One voter also posed the question as to why asylum seekers were not allowed to work while their cases were being reviewed with some individuals saying they had waited years being funded by tax-payers when they just wanted to work. 

Merkel lays into auto industry

Merkel told voters that she was disappointed in the German auto industry following Volkswagen's "Dieselgate" scandal. She said as a former environment minister she understood the consquences.

"I am angry," Merkel told the audience. The car industry risked serious damage in the scandal and "they have to make up for this as much as they can," she noted. She said the new software was available.
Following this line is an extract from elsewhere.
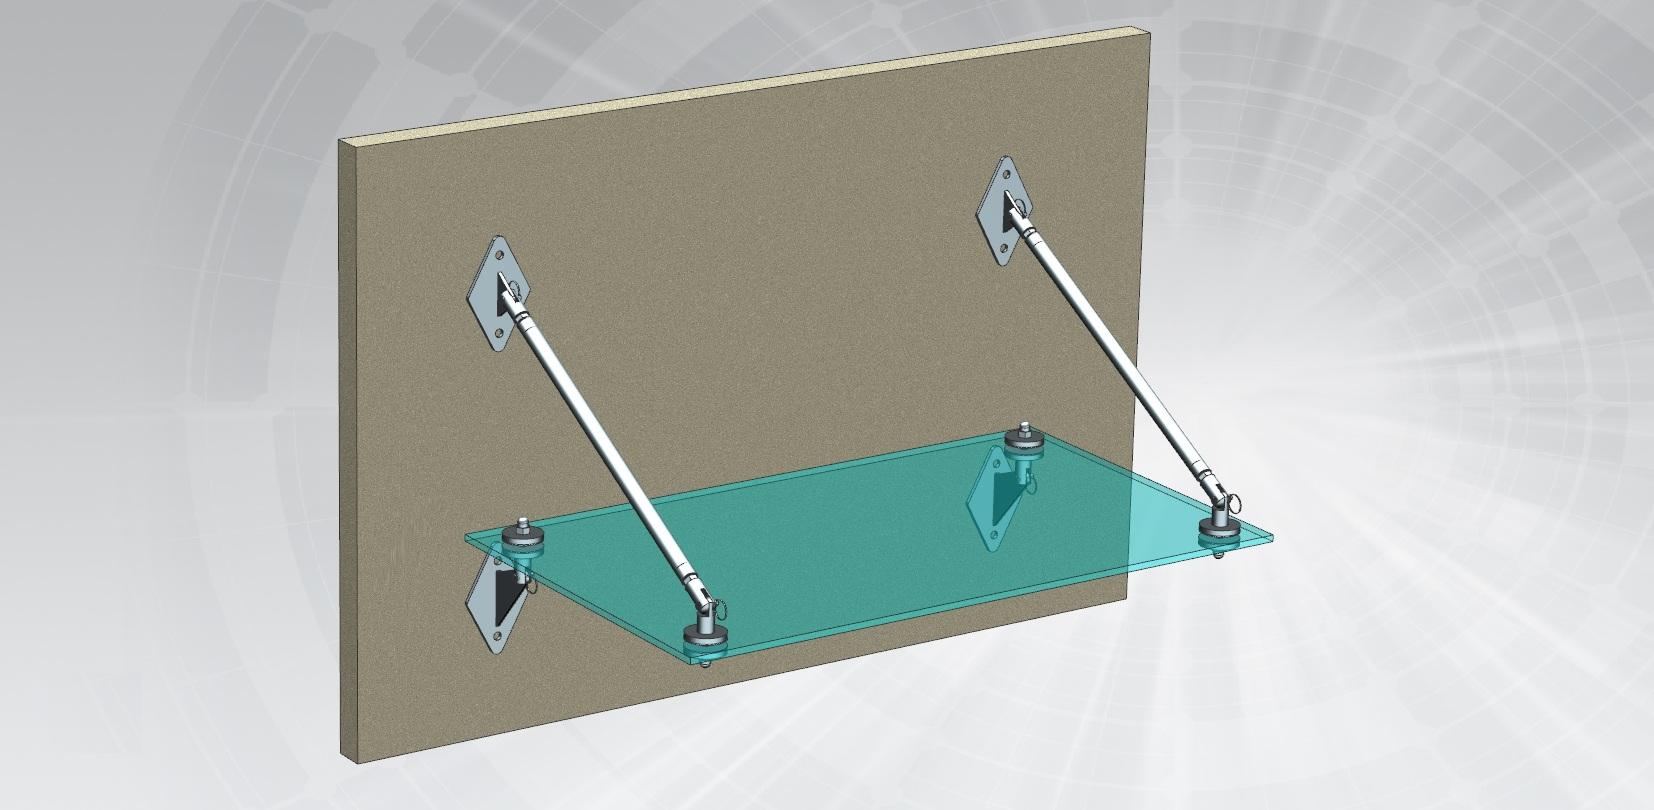 Kapı Giriş Üstü Cam Halat Gerdirme Sistemi Teknik Çizim

When asked by one car owner why Germans received more modest compensation in the scandal than US car owners, Merkel said it was the result of two very different legal systems.

However, she called on the auto industry to compensate customers in Germany whose cars are less valuable as a result of the scandal, saying that otherwise "the German car industry, which is admired the world over, could suffer substantial harm."

Merkel urged German carmakers, who have all been caught cheating on nitrogen emissions tests, to re-establish public trust in diesel fuel. "We need diesel if we are to achieve our climate protection goals," she said. Cars powered by diesel emit less of the greenhouse gas carbon dioxide but more of nitrogen dioxide that can cause breathing problems.